**WHAT TO WORK ON**
All that should be output is the block of lines below from the line with "6500x2555 Race Car Clipart" to the line with "Cool Volkswagen 2017: De", both included, exactly as written.

(ENTRIES SUPPLIED Opens)

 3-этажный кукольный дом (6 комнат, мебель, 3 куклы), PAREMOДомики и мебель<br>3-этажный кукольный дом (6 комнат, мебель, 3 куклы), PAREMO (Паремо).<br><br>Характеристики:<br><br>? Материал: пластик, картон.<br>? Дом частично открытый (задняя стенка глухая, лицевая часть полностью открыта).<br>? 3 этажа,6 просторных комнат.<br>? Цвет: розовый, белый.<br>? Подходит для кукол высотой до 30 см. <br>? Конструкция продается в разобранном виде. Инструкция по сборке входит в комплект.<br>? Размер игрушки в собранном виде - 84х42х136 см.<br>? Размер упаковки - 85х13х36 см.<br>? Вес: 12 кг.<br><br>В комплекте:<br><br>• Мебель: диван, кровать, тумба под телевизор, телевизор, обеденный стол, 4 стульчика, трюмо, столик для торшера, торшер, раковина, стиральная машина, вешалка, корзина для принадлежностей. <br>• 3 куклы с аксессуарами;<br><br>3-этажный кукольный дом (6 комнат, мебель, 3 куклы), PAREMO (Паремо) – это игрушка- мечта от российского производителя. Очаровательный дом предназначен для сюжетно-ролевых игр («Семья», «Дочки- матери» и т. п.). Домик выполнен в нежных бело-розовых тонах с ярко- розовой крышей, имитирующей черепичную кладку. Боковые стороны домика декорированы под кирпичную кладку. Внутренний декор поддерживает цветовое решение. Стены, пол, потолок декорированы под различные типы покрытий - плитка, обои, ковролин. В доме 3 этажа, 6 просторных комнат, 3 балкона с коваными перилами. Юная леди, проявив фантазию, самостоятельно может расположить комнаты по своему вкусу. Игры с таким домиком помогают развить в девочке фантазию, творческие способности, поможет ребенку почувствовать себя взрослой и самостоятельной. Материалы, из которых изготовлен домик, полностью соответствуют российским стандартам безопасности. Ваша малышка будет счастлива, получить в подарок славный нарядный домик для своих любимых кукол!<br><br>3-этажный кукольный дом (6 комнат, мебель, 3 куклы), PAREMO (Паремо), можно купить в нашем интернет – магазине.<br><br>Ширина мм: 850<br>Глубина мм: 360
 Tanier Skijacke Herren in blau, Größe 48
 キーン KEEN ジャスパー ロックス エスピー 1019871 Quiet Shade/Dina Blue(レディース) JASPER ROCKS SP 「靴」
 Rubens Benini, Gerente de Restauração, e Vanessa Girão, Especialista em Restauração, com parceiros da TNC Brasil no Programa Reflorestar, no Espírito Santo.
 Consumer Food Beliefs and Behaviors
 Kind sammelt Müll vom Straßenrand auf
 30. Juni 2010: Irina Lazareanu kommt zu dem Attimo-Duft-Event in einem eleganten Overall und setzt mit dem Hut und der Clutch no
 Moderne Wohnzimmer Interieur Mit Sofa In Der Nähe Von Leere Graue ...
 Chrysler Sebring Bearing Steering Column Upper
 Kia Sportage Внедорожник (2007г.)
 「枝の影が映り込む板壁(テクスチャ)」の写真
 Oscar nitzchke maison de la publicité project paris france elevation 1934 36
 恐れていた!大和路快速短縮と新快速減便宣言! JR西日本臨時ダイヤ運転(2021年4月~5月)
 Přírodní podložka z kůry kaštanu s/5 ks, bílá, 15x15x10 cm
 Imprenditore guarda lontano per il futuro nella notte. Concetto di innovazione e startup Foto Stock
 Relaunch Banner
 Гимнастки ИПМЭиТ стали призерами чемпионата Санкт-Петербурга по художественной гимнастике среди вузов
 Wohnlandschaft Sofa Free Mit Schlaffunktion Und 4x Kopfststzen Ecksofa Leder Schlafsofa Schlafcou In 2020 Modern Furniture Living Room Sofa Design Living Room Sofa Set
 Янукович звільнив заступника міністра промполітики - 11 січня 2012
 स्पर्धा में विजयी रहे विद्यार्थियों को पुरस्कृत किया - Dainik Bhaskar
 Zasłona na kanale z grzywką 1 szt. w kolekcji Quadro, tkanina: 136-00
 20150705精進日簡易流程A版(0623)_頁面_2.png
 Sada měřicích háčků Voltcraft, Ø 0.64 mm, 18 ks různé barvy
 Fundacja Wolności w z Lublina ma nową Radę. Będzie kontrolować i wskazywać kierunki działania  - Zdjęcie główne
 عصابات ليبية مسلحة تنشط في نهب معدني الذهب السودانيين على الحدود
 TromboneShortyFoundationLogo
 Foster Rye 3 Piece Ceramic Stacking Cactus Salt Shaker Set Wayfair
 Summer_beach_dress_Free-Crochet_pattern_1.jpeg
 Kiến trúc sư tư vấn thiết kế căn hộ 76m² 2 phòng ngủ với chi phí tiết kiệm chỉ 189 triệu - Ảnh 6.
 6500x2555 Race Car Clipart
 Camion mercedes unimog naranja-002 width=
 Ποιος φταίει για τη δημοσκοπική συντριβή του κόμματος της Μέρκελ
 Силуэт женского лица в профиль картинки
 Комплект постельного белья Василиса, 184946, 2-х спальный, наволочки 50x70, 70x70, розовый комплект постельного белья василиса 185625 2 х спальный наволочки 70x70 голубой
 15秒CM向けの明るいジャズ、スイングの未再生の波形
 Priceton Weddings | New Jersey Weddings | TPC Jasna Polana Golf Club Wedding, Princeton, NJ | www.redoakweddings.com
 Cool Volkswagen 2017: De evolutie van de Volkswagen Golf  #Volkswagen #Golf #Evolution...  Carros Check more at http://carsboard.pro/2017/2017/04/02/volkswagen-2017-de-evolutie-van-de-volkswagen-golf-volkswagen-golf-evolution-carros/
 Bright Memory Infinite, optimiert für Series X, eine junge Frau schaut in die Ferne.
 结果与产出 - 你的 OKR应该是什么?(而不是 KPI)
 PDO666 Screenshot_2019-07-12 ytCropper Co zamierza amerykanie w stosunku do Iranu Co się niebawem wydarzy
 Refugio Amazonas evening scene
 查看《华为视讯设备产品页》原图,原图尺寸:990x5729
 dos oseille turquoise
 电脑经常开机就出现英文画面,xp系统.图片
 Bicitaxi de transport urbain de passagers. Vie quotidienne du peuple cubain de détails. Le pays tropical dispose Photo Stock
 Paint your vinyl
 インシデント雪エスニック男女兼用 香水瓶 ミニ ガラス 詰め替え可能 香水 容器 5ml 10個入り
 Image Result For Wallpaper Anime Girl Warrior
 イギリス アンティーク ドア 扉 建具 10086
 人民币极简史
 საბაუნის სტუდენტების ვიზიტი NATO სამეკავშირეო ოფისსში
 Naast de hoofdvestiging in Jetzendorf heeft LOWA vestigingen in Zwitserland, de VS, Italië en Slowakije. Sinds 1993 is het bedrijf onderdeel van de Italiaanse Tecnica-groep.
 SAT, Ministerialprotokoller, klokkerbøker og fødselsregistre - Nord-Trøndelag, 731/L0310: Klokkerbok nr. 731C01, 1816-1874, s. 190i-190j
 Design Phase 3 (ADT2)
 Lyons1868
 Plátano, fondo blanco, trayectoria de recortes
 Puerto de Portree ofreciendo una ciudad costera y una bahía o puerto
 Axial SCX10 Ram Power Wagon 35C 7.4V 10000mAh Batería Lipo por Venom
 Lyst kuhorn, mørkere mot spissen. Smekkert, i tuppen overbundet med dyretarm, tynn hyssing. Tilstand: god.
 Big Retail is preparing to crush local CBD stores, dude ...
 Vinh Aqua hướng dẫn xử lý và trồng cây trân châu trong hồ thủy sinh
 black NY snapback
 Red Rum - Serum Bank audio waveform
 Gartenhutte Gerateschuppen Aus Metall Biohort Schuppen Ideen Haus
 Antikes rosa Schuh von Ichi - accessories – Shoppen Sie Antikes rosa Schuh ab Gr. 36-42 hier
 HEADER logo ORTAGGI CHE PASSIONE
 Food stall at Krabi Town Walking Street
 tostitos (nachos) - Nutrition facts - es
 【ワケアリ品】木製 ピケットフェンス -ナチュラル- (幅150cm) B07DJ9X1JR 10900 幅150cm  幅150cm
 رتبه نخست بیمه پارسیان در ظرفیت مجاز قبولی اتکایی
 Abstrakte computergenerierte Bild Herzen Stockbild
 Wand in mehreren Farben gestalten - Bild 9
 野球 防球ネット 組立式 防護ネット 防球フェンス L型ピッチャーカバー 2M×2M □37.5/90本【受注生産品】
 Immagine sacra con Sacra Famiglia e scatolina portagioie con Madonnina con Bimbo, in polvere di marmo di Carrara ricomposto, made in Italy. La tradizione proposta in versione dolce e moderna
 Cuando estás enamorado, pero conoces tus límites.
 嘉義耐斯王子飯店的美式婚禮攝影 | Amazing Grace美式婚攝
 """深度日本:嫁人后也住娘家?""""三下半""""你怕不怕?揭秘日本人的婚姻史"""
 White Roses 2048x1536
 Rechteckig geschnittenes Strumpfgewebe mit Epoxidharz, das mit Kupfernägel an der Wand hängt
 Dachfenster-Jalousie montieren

(ENTRIES SUPPLIED Closes)

**RESULT OF THE EXERCISE**
 6500x2555 Race Car Clipart
 Camion mercedes unimog naranja-002 width=
 Ποιος φταίει για τη δημοσκοπική συντριβή του κόμματος της Μέρκελ
 Силуэт женского лица в профиль картинки
 Комплект постельного белья Василиса, 184946, 2-х спальный, наволочки 50x70, 70x70, розовый комплект постельного белья василиса 185625 2 х спальный наволочки 70x70 голубой
 15秒CM向けの明るいジャズ、スイングの未再生の波形
 Priceton Weddings | New Jersey Weddings | TPC Jasna Polana Golf Club Wedding, Princeton, NJ | www.redoakweddings.com
 Cool Volkswagen 2017: De evolutie van de Volkswagen Golf  #Volkswagen #Golf #Evolution...  Carros Check more at http://carsboard.pro/2017/2017/04/02/volkswagen-2017-de-evolutie-van-de-volkswagen-golf-volkswagen-golf-evolution-carros/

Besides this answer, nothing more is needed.